• What to produce
Can you transcribe the data exactly? Leave the pictures out.

• Information shown
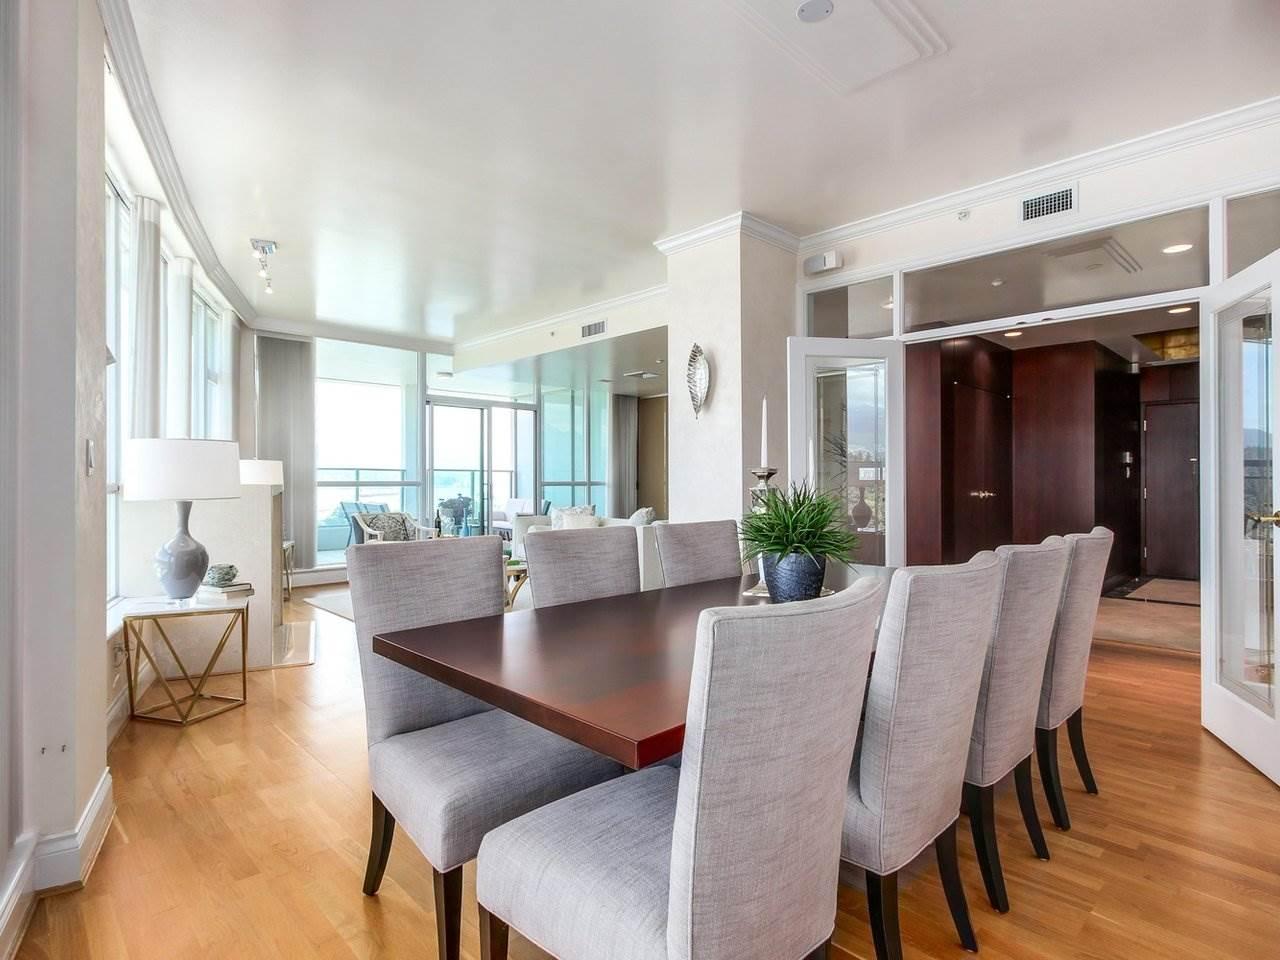 Condo Apartment at PH2 1777 BAYSHORE DRIVE, Unit PH2, Vancouver West, British Columbia. Image 8
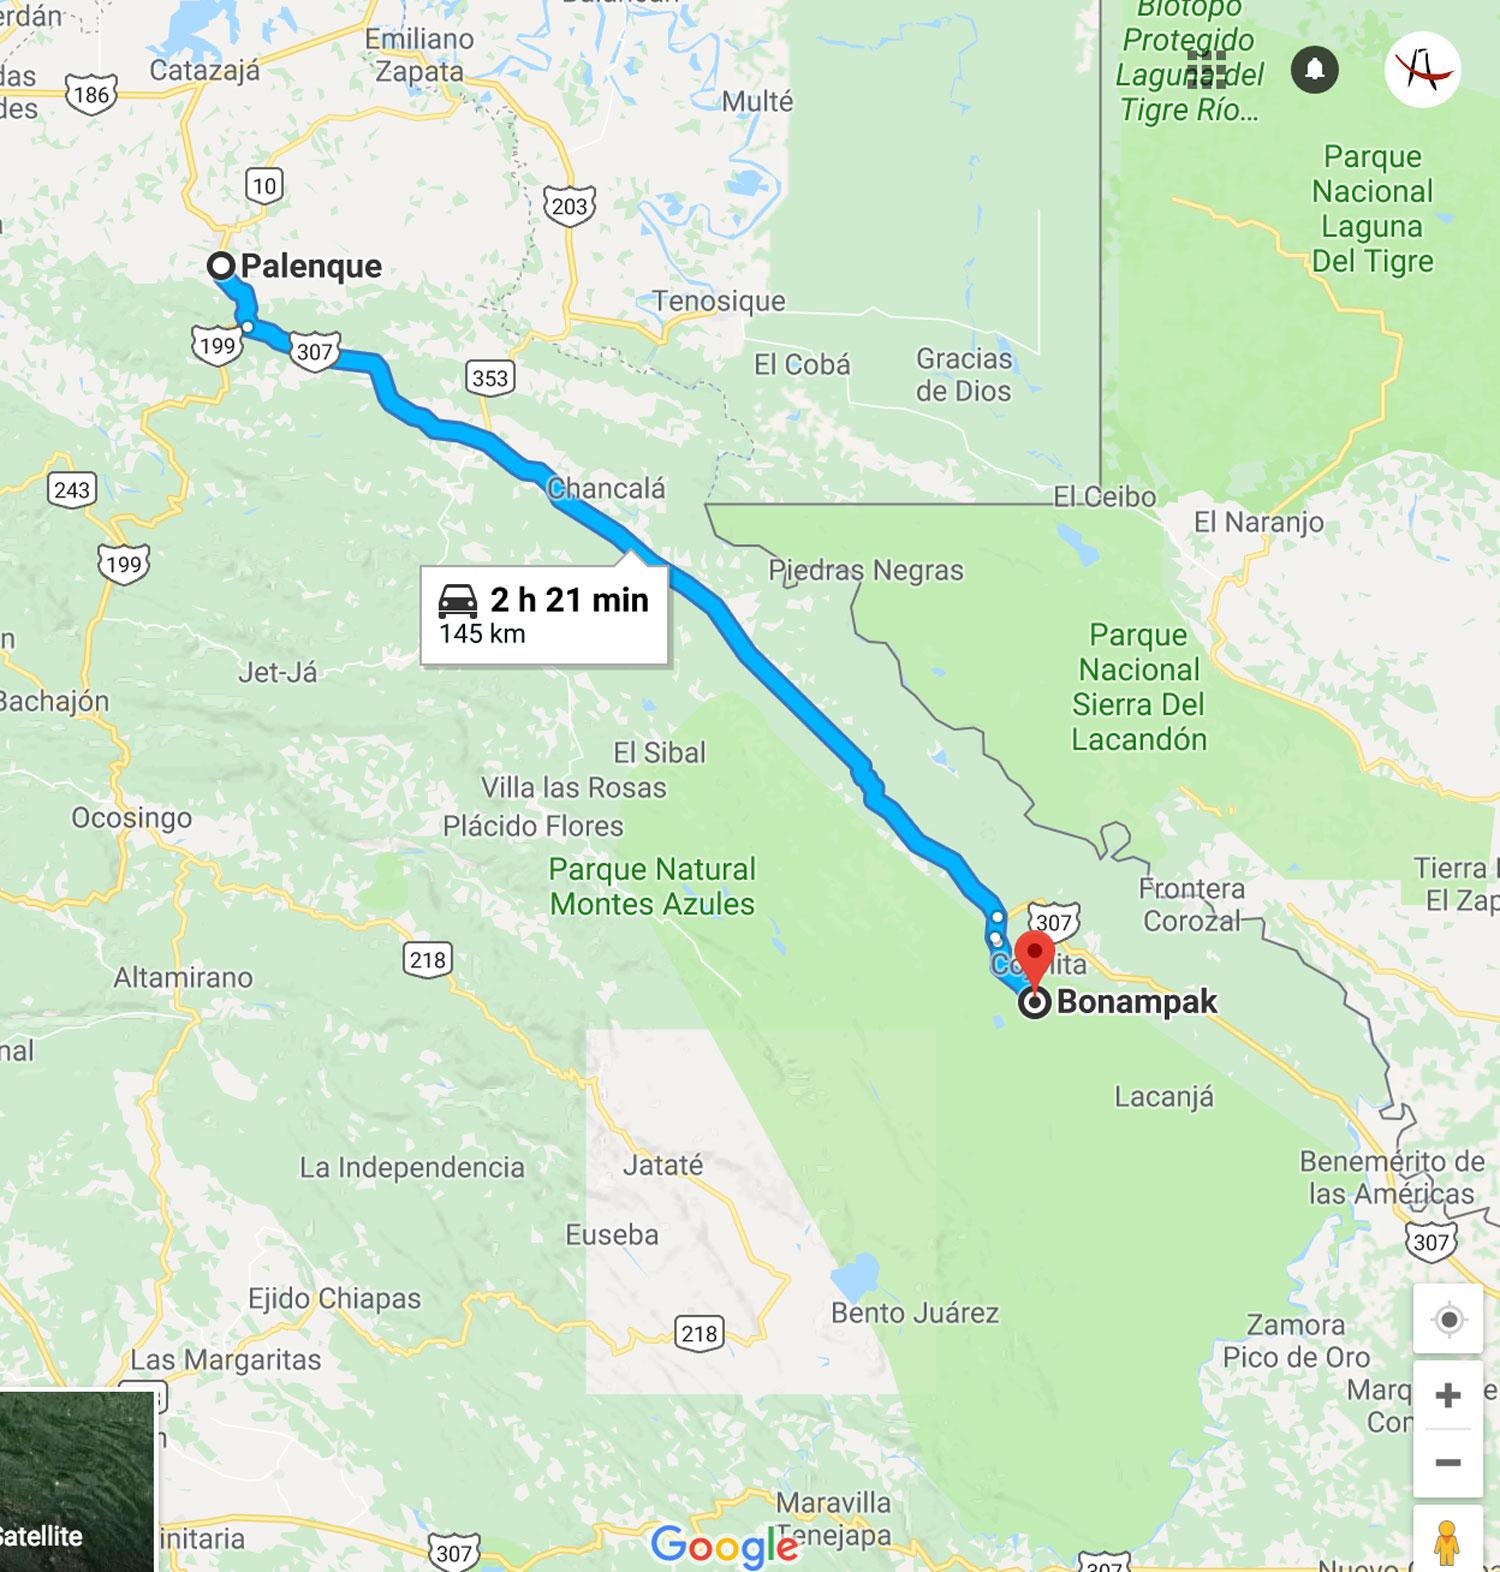 Hammocks_and_Ruins_Blog_Riviera_Maya_Mexico_Travel_Discover_Explore_What_to_do_Jungles_Lacanja_Ruins_4.jpg
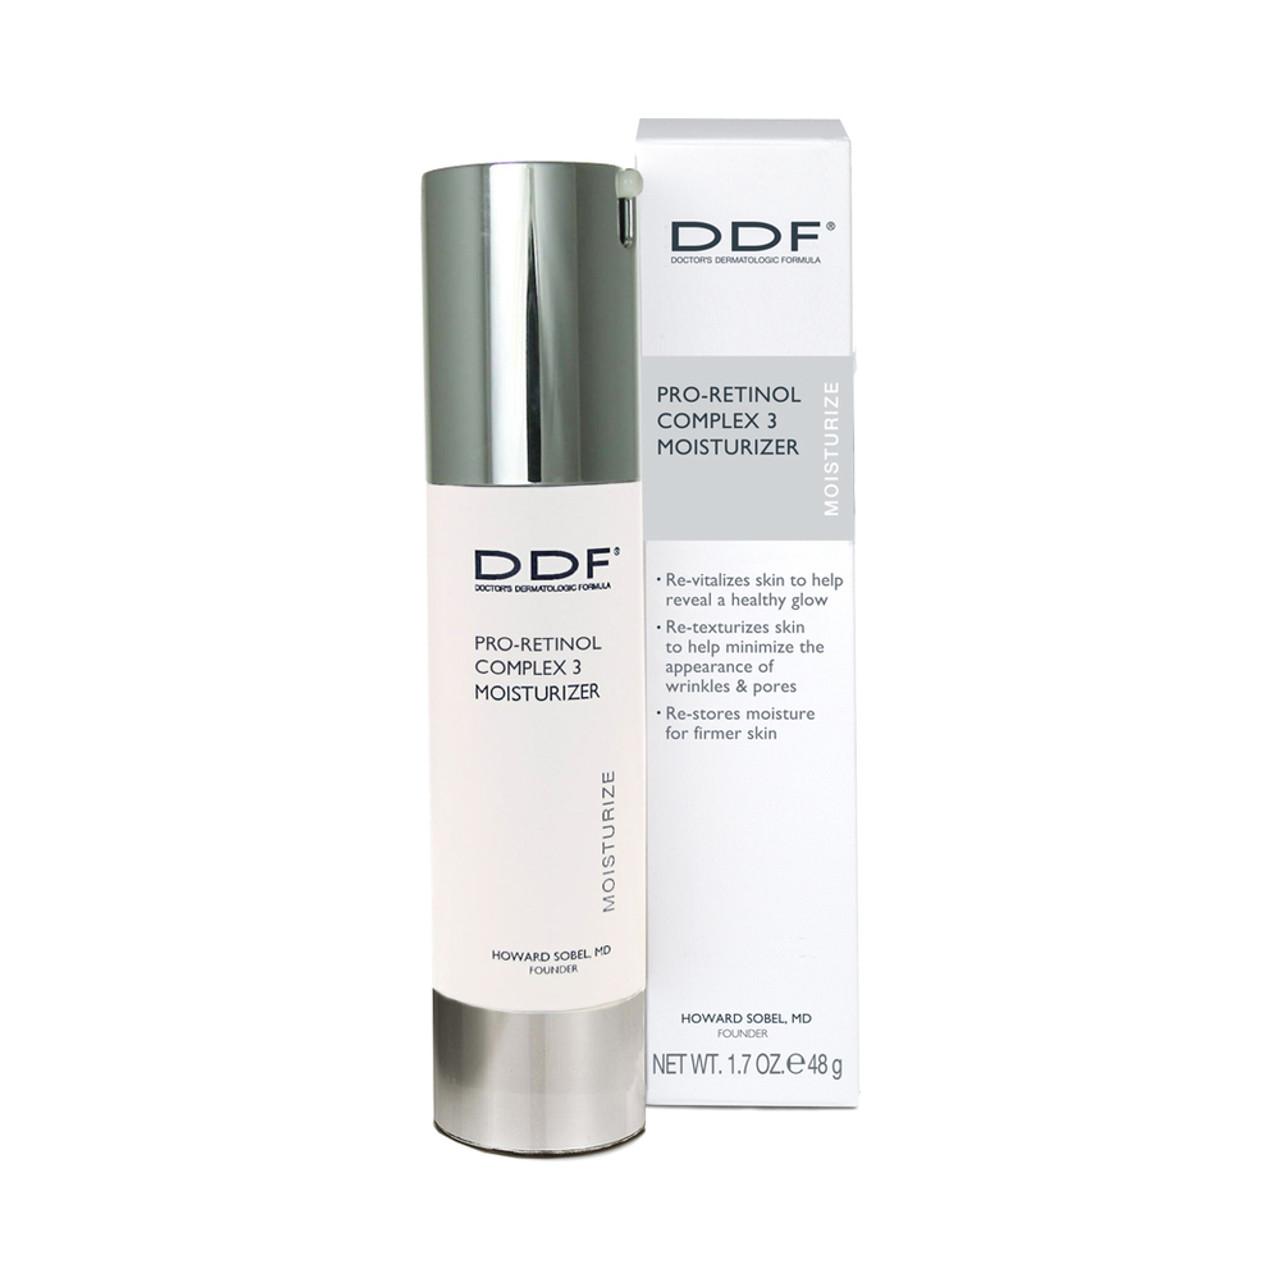 DDF Pro-Retinol Complex 3 Moisturizer

• Written reply
 Condo Apartment at PH2 1777 BAYSHORE DRIVE, Unit PH2, Vancouver West, British Columbia. Image 8
 Hammocks_and_Ruins_Blog_Riviera_Maya_Mexico_Travel_Discover_Explore_What_to_do_Jungles_Lacanja_Ruins_4.jpg
 DDF Pro-Retinol Complex 3 Moisturizer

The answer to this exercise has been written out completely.